Pro Bono: Charity income will drop
Matt Whittaker, chief executive officer of Pro Bono Economics, said: “With the country now in recession, living standards are set for the biggest hit on record. Surging inflation, spiralling borrowing costs and rising unemployment mean household budgets will come under severe strain. As has been the case throughout the cost-of-living-crisis, the demand for charity support will be substantial.
“The government has taken important steps to protect the most vulnerable in the chancellor’s autumn statement, but benefit uprating will not kick in until the spring and timelines for additional payments are still unclear. Charity demand is already rocketing and will only intensify as we head into winter. Given the enormous pressure on public spending and household budgets, charity income will inevitably dip as people have less to give and government funds are stretched.”
BOND: Government must urgently increase UK aid
Simon Starling, director of policy, advocacy, and research at Bond, commented: “The chancellor has ruled out restoring UK aid to 0.7% GNI, breaking the Conservative manifesto commitment. We hope the chancellor’s reference to a budget of ‘around 0.5% ’ reflects an intention to increase UK aid above the artificial ceiling, which would be welcome.
“Marginalised communities facing climate change, conflict and poverty need to see a clear commitment from the UK government that it will deliver on its promises and demonstrate ‘compassion, dignity and fairness’. Additional resources to cover the costs of hosting refugees in the UK is welcome, but the government must urgently increase UK aid and begin a return to 0.7%.”
Energy organisations: ‘Many vulnerable people are now at acute risk of being left out in the cold’
Adam Scorer, chief executive of National Energy Action (NEA), said: “Changes to the Energy Price Guarantee mean that the breathing space for households struggling with energy costs will now be shorter lived and less helpful. An average bill of £3,000 from spring is an increase of 40% from current record levels given that the government has ceased the support currently provided by the Energy Bill Support Scheme, yet energy bills are up by a staggering 130%. Sadly, this means there is now no end in sight to the energy crisis for struggling households. For most, it looks as if it will get even harder.”

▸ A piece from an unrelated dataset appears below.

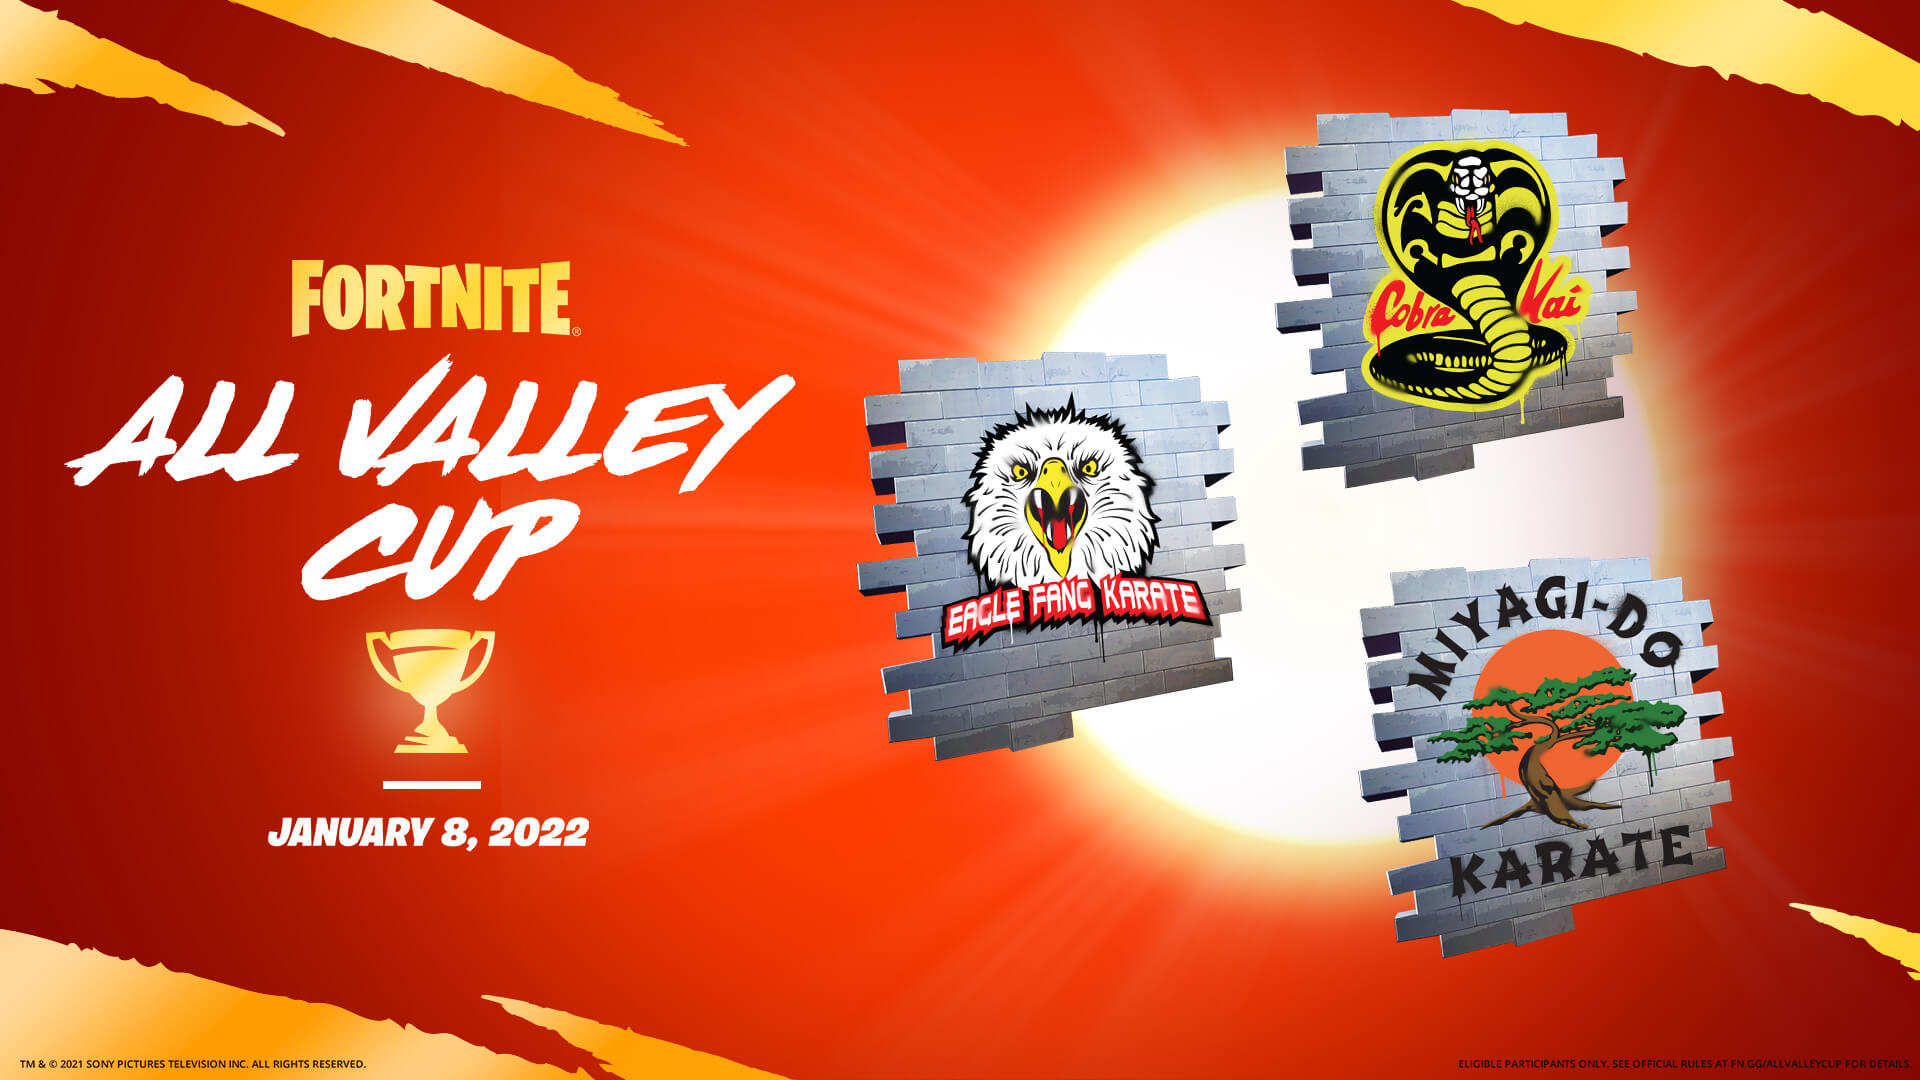 Fortnite X Cobra Kai Get Sprays In Fortnite All Valley Cup
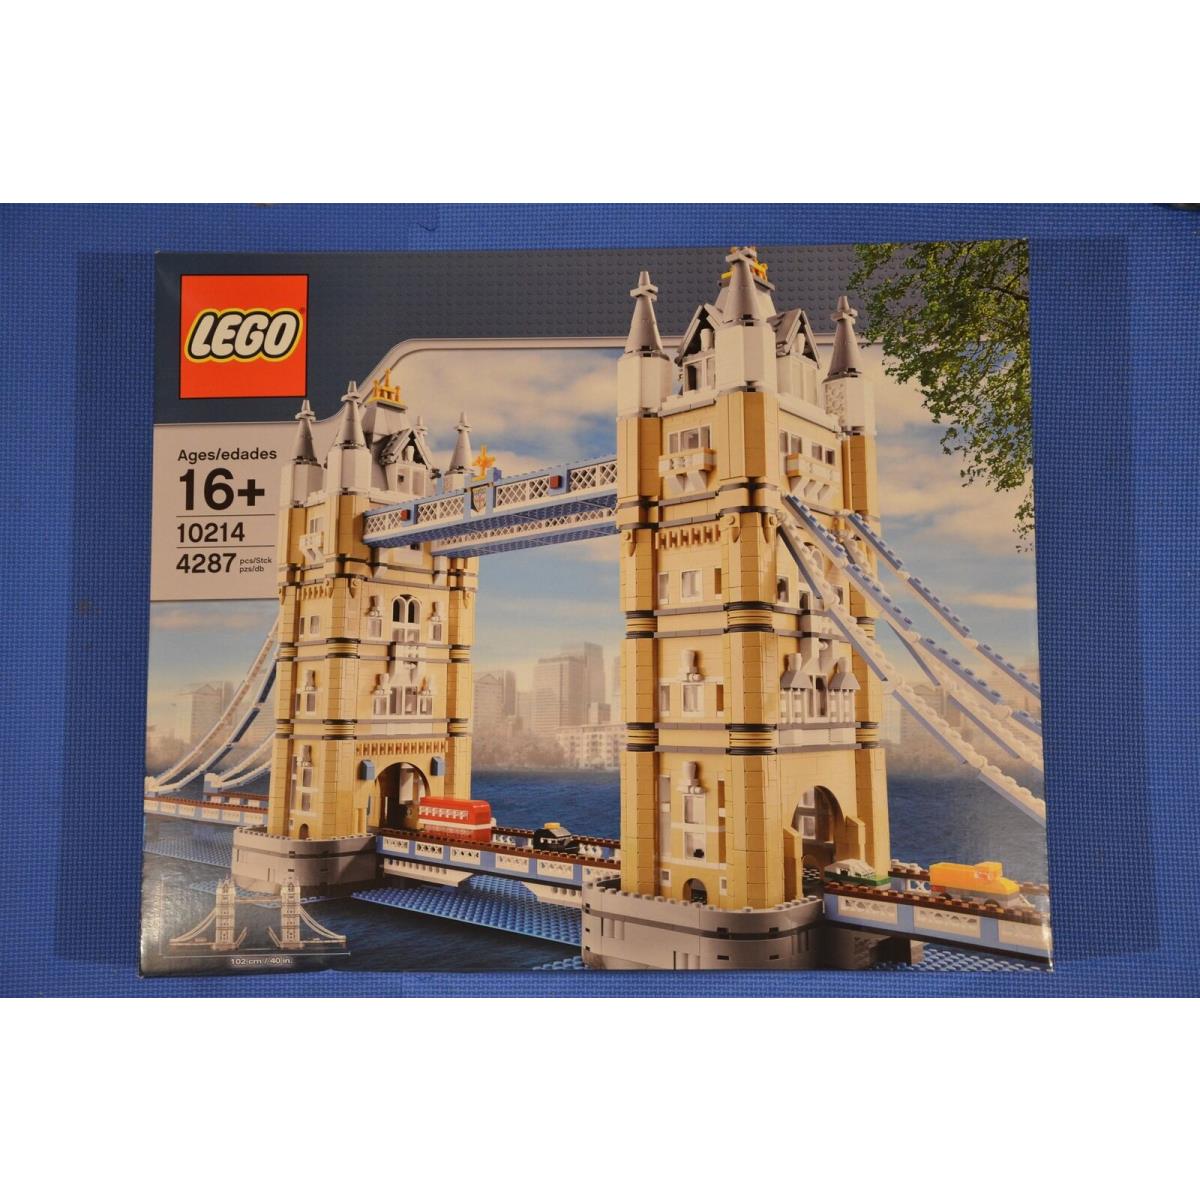 Lego 10214 Creator Tower Bridge Set

Simon Francis, co-ordinator of the End Fuel Poverty Coalition, accused the government of condemning “seven million households to suffer in fuel poverty this winter”. “The rise in the energy price cap from April next year could see this figure increase to 8.6 million households,” he said.
“We’re already seeing the horrific impact of living in cold damp homes on children, the elderly, disabled and those with illnesses ranging from cancer to asthma. Even with the additional funding pledged to the NHS and social care system today, we’re deeply concerned that it will be overwhelmed by the energy bills crisis and millions will suffer.”